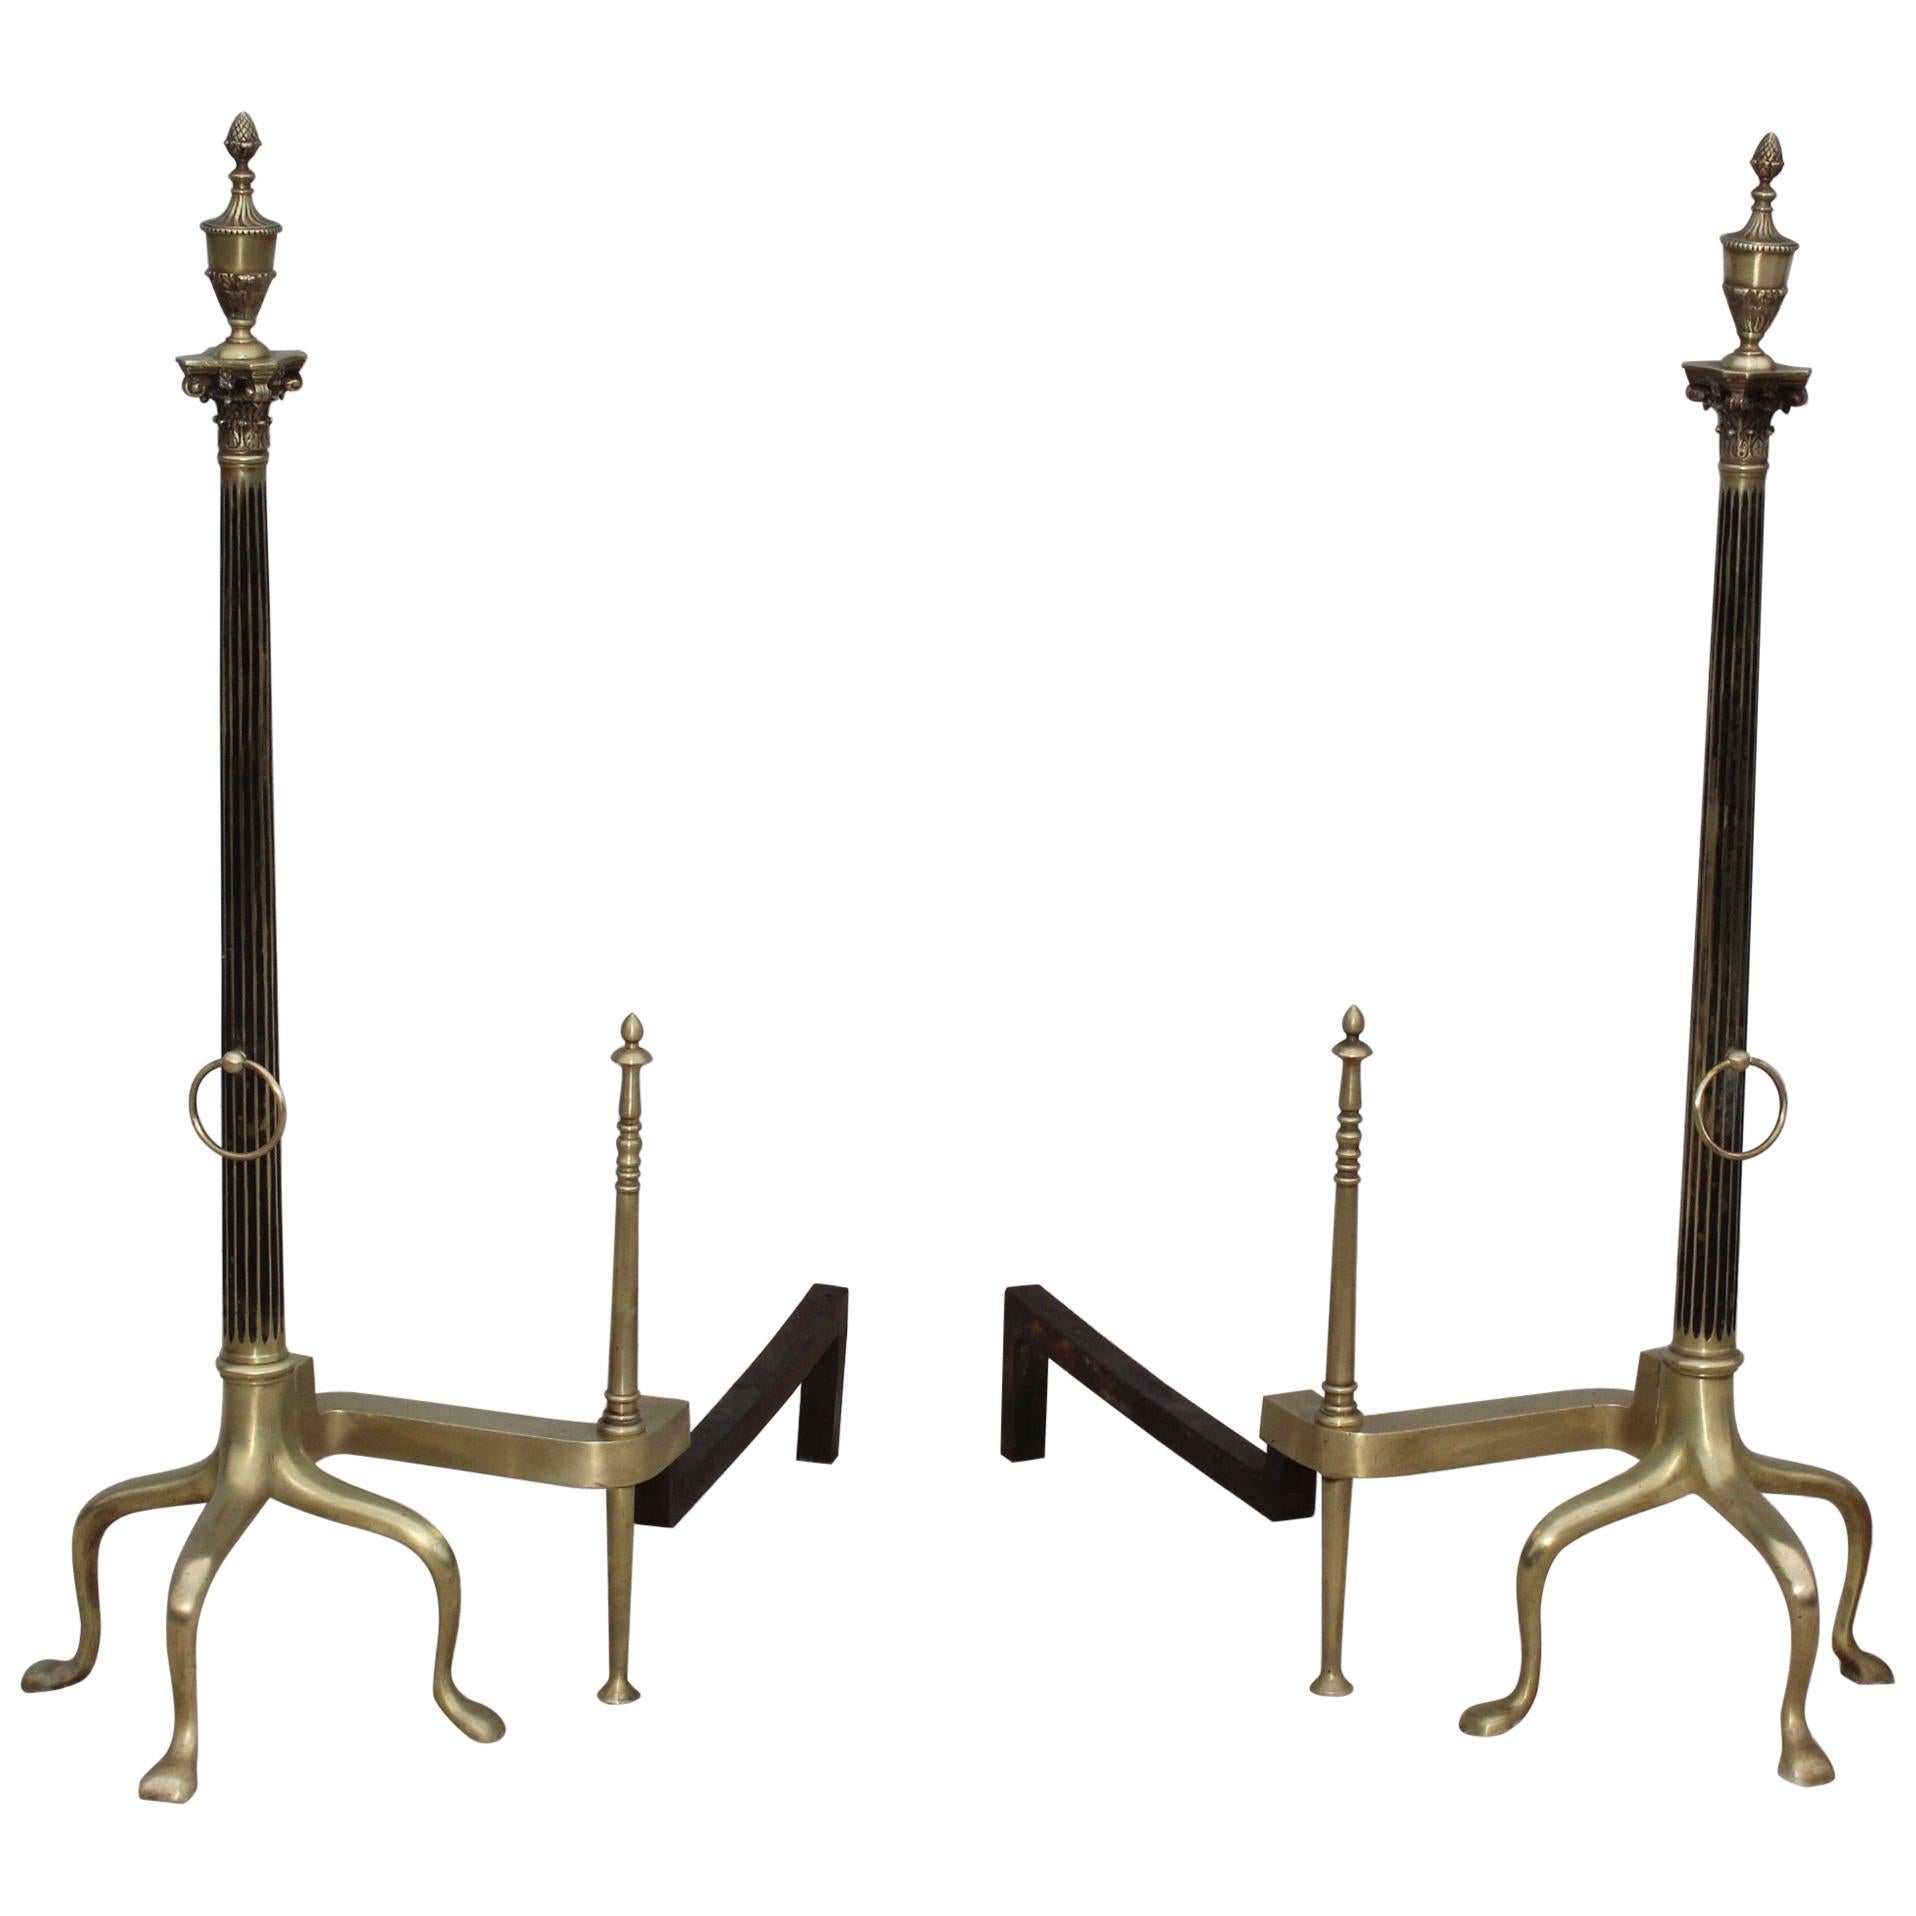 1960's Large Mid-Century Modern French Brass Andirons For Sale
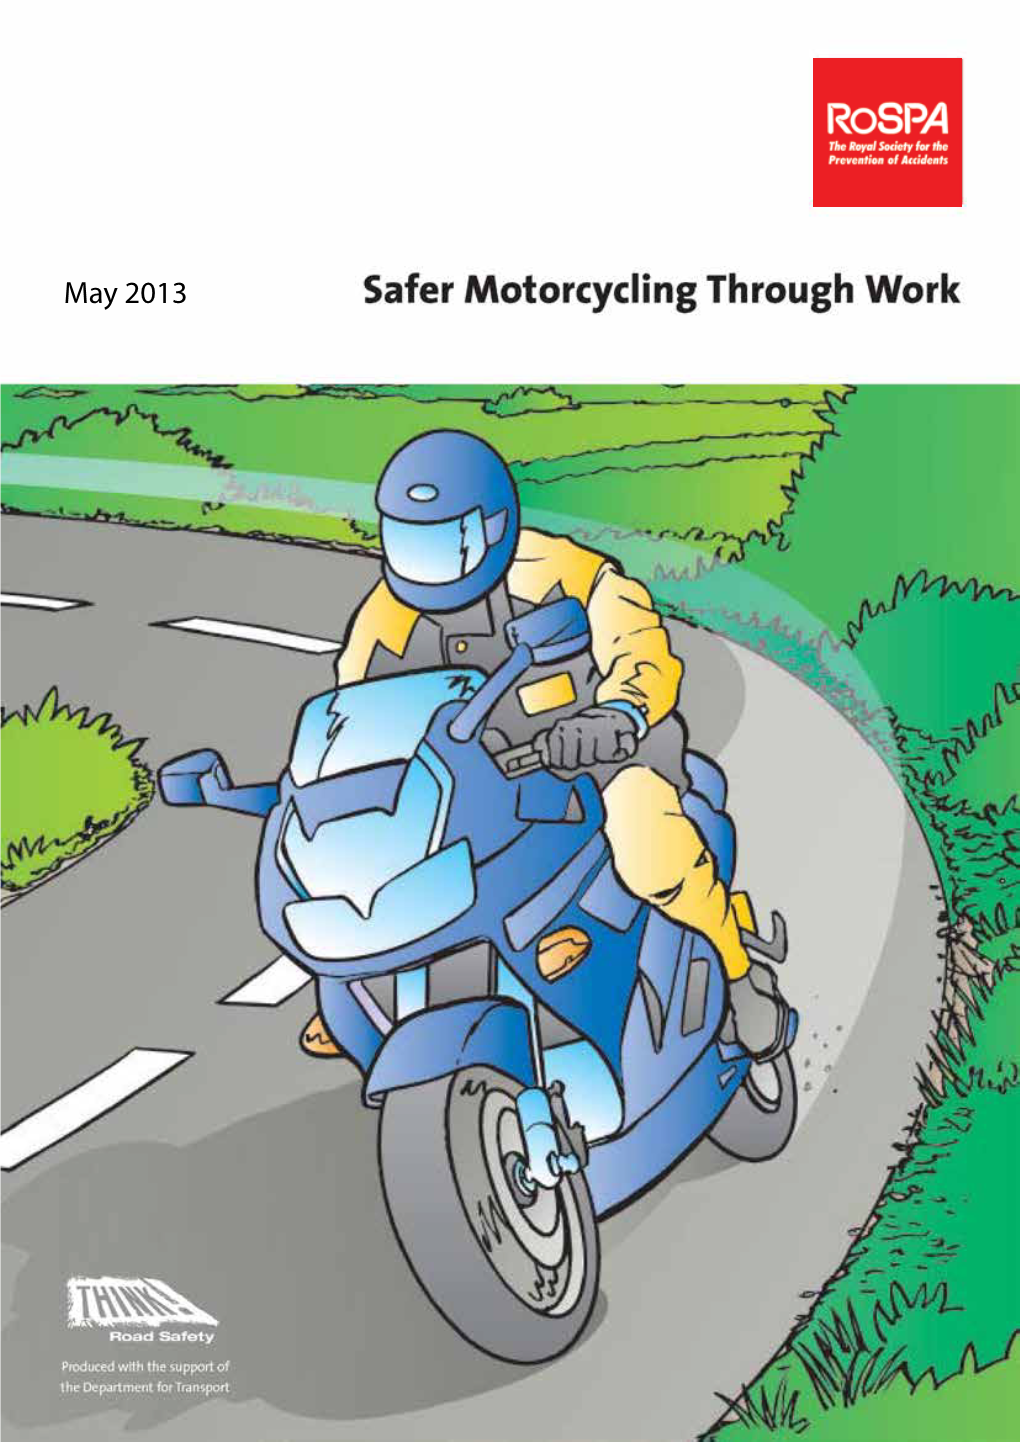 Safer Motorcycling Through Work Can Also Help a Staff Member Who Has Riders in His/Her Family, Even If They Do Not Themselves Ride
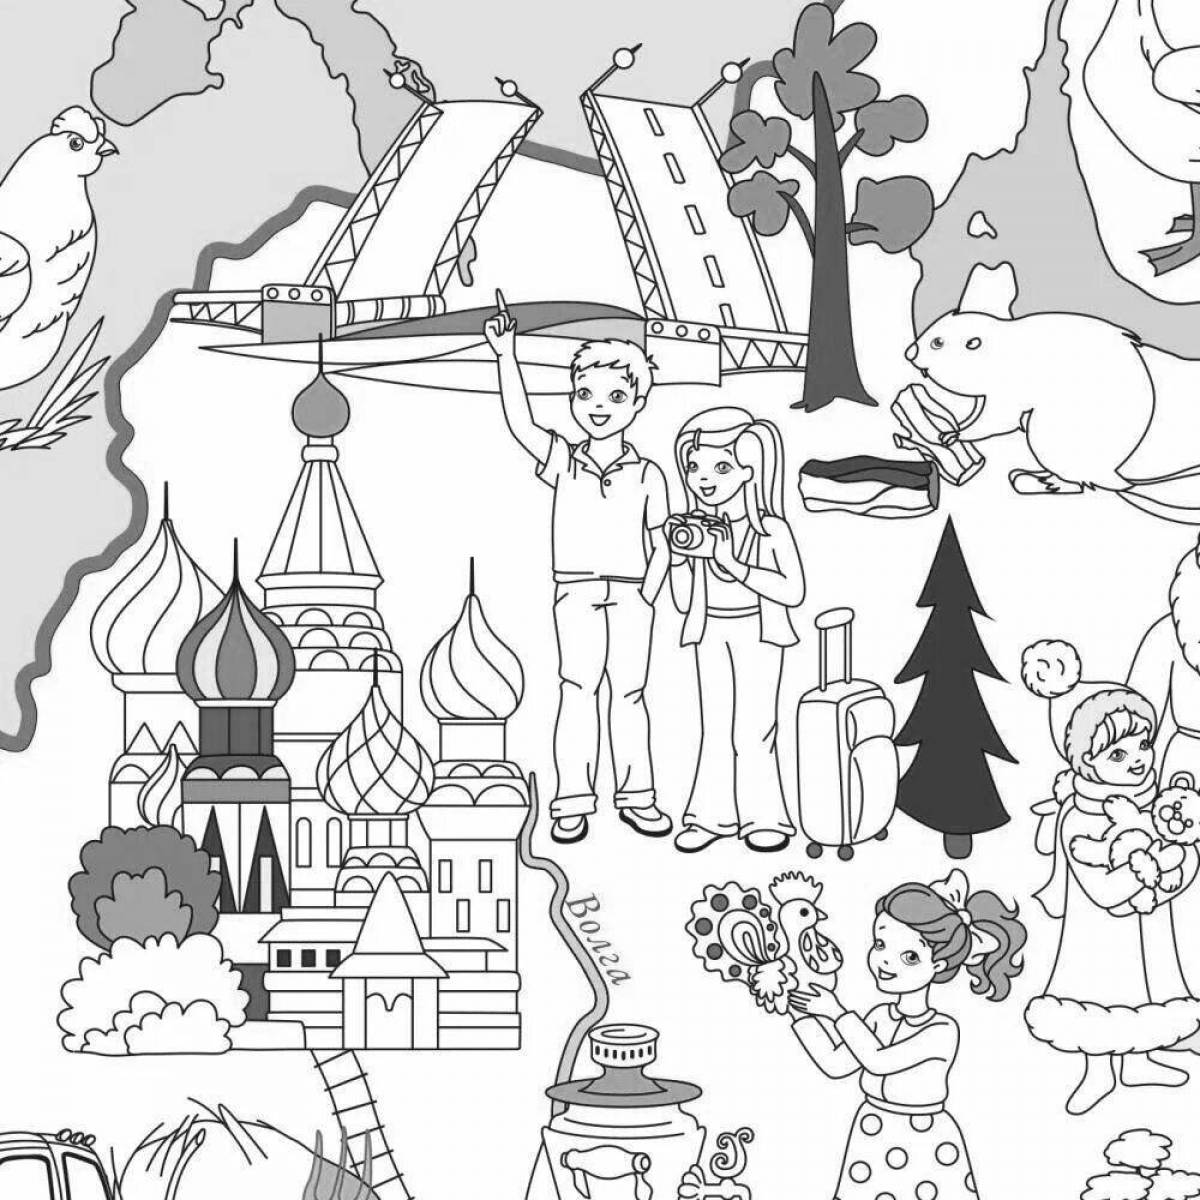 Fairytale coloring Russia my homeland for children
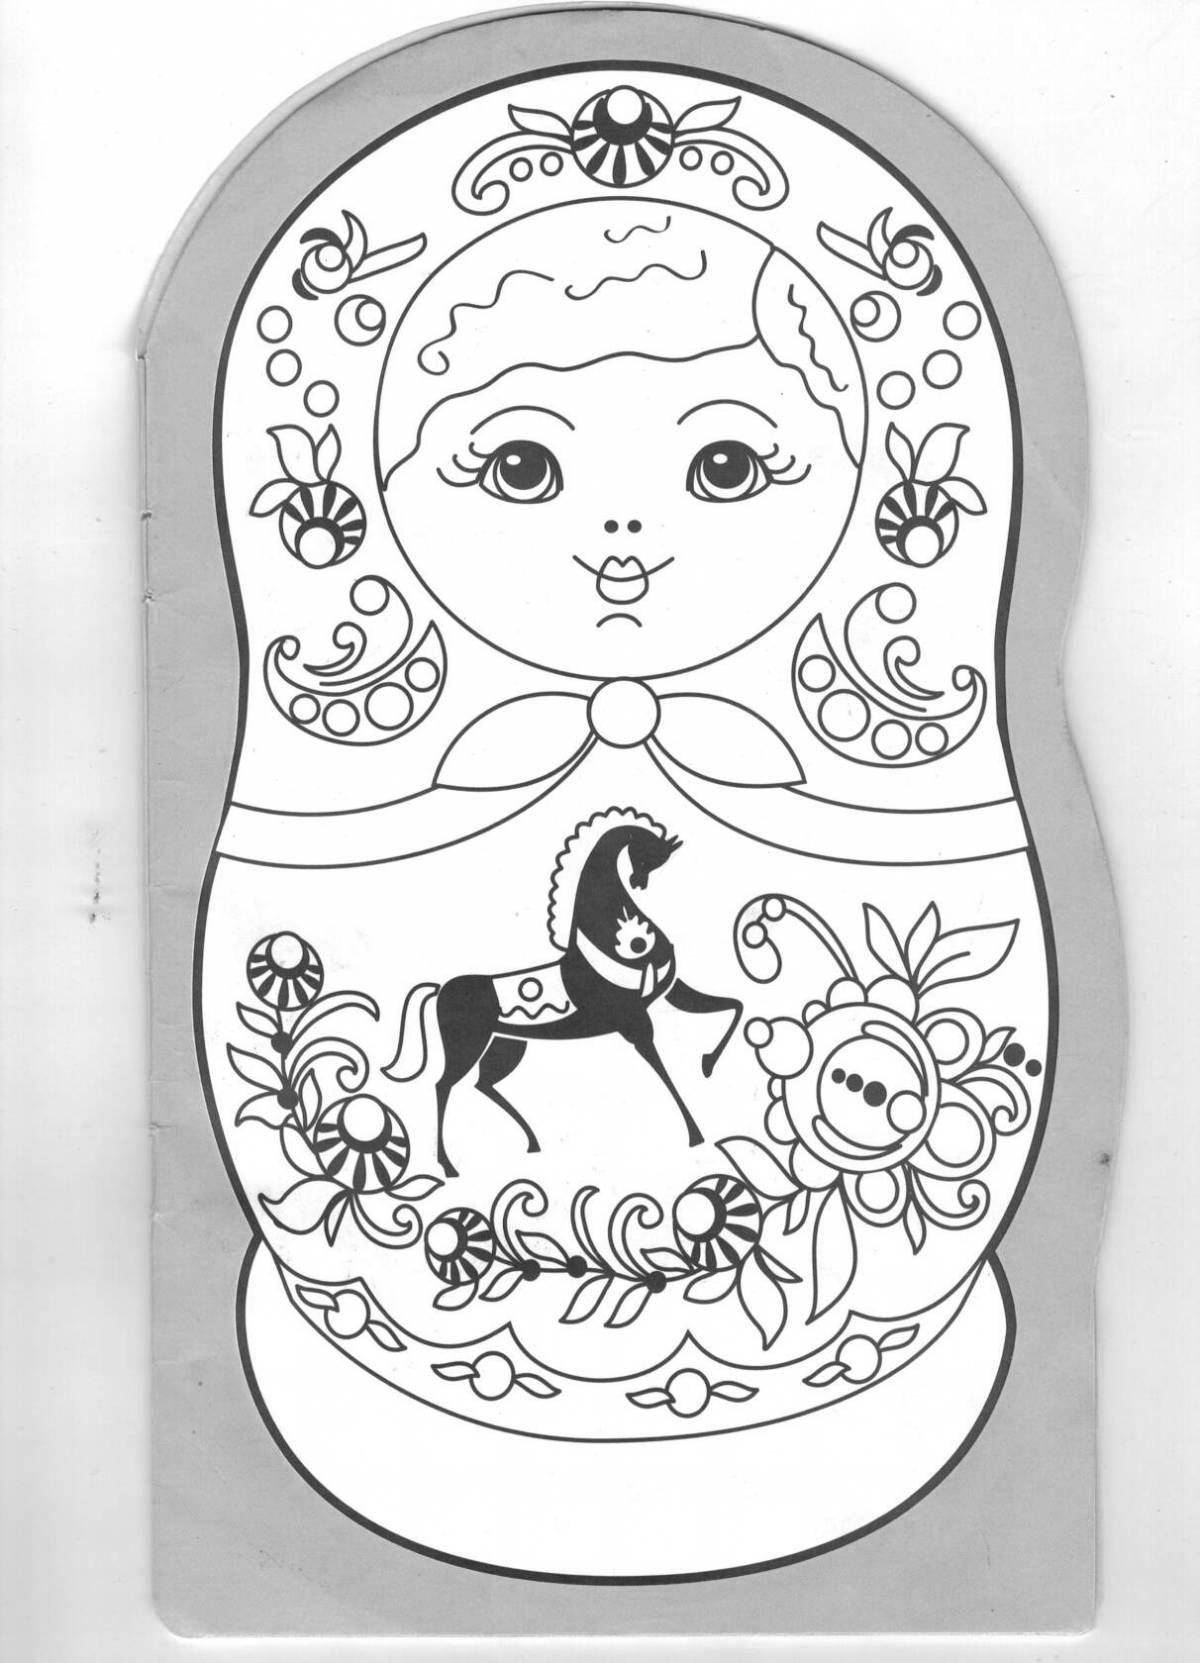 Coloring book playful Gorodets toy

# # # # #

**Required work:** Where pictures occur in the material above, omit them and return everything else exactly.

**Result below:**
 1960's Large Mid-Century Modern French Brass Andirons For Sale
 Safer Motorcycling Through Work Can Also Help a Staff Member Who Has Riders in His/Her Family, Even If They Do Not Themselves Ride
 Fairytale coloring Russia my homeland for children
 Coloring book playful Gorodets toy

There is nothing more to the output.